Mutluluğun en sade halinin sırrını taşıyan Hygge ile bu yaklaşımı hayatınızda ve dekorasyonunuzda nasıl uygulayabileceğinize dair fikirleri sizin için özetledik.

1-SOĞUK TOPRAKLARDAN GELEN SICAK HAVA DALGASI

Hygge’nin Danimarka’daki algılanışı ve uygulanışına baktığınızda kuzey ülkelerinin soğuk iklimi ile bitmek bilmeyen uzun kış gecelerinin etkisini pek çok detayda kolaylıkla görebilirsiniz. Bu açıdan ülkemizde geçerli olmayacağı zannedilebilir.

Ancak mesele bunaltıcı ve kasvetli koşulları tersine çevirip mutluluğu yakalama motivasyonu üzerinden değerlendirildiğinde sebeplerin ne olduğunun çok da bir önemi kalmaz. Dört mevsimin hakkıyla yaşandığı imrenilesi bir iklim dahi insanları mutlu bir hayat arayışına yönelten nedenleri barındırabilir.

Danimarka’nın bu konudaki asıl ayırt edici yönü ikliminden ziyade hemen hemen bütün araştırmalara göre dünyanın en mutlu ülkesi olarak kabul edilmesi. Genelde toplumsal refah ile ilişkilendirilen bu sonuç bile tek başına bu sade mutluluk sırrına farklı bir gözle bakmayı gerektiriyor.

Danimarkalıların kendileri de refah toplumu olmak gibi bir açıklamayla yetinmeyerek mutluluğun sebeplerini ve sonuçlarını araştıran bir enstitü kurmaya ihtiyaç duymuşlar.

Kopenhag’daki Mutluluk Araştırmaları Enstitüsü’nün CEO’su Meik Wiking’in yazdığı ve dilimize de tercüme edilmiş olan Hygge: Danimarkalıların Mutluluk Sanatı isimli kitabı konuya dair bilgi edinmek isteyenler için kapsamlı bir kaynak.

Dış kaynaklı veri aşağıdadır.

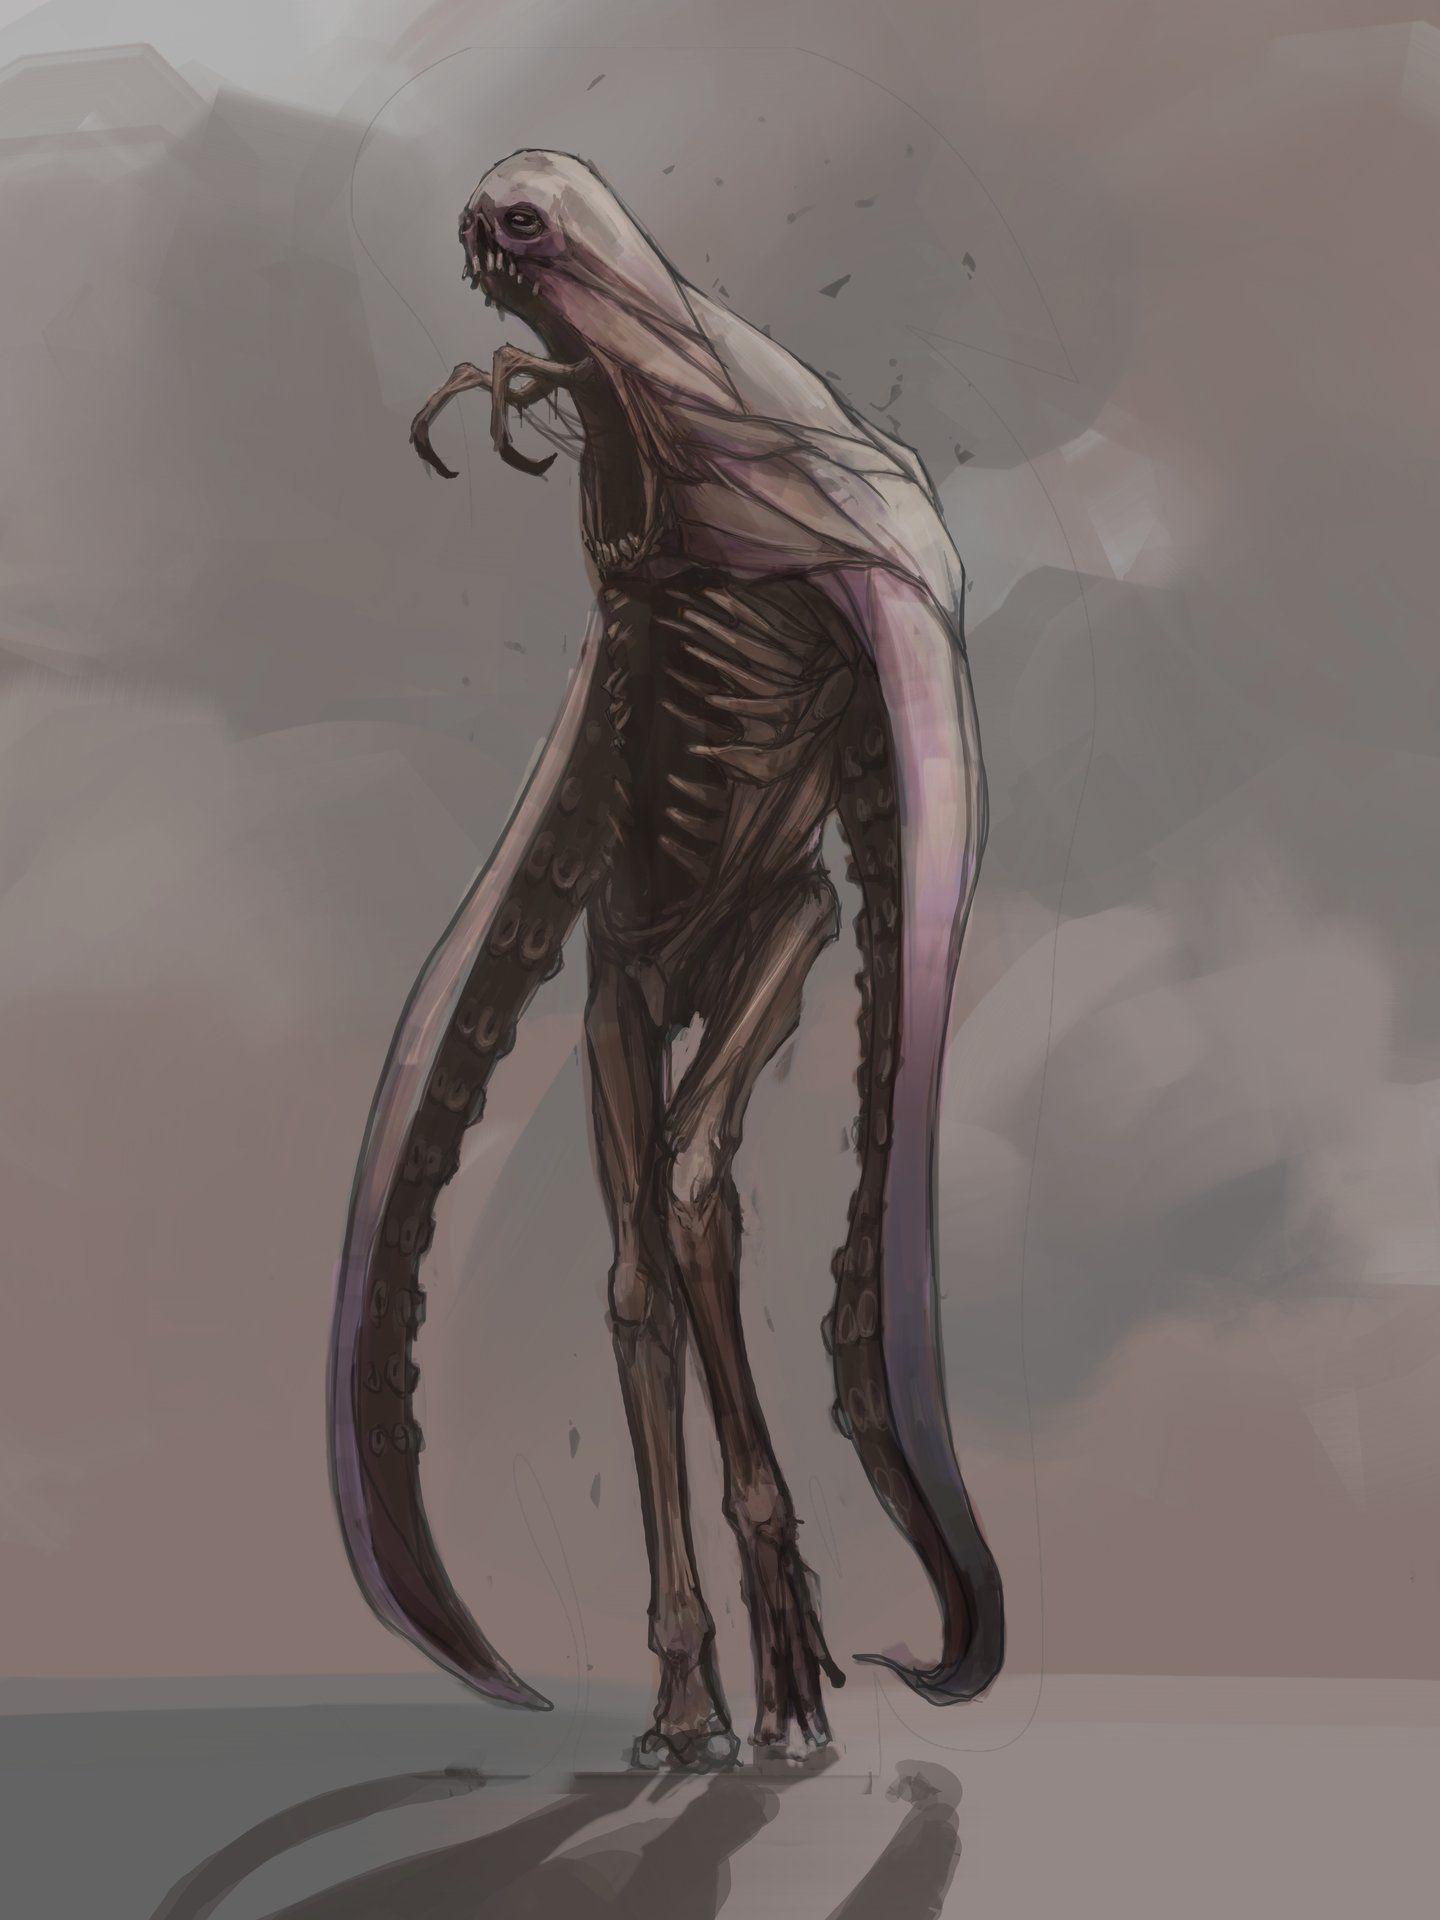 """abominations"" by Shane Walters https://www.artstation.com/artwork/abominations-44535ba1-bde7-40d1-87ce-2dcdd0ca07d4?utm_content=bufferae02b&utm_medium=social&utm_source=pinterest.com&utm_campaign=buffer #creaturedesign #creatureart #2dart #conceptart"

2-FRENE BASMADAN ARAÇTAN İNMEYE ÇALIŞMAYIN

Akşam eve gelip aracınızdan inmeden evvel gerçekten frene bastığınızdan emin misiniz? Hareket halindeyken atlamaya kalkışmayacağınıza göre muhtemelen bunun ne saçma bir soru olduğu geçmiştir aklınızdan.

Hygge’nin telkin ettiği şey esasen bu. Yuvanıza döndüğünüzde tıpkı aracınızı nasıl park edip öyle iniyorsanız gündelik koşuşturmacanızın da frenine basın. Yetişeceğiniz bir yer kalmadı, evinizdesiniz. Mola vakti geldi. Hızla hareket etmeye devam eden bir araçtan frene basmadan atlamaya çalışarak gerçek bir mola veremezsiniz.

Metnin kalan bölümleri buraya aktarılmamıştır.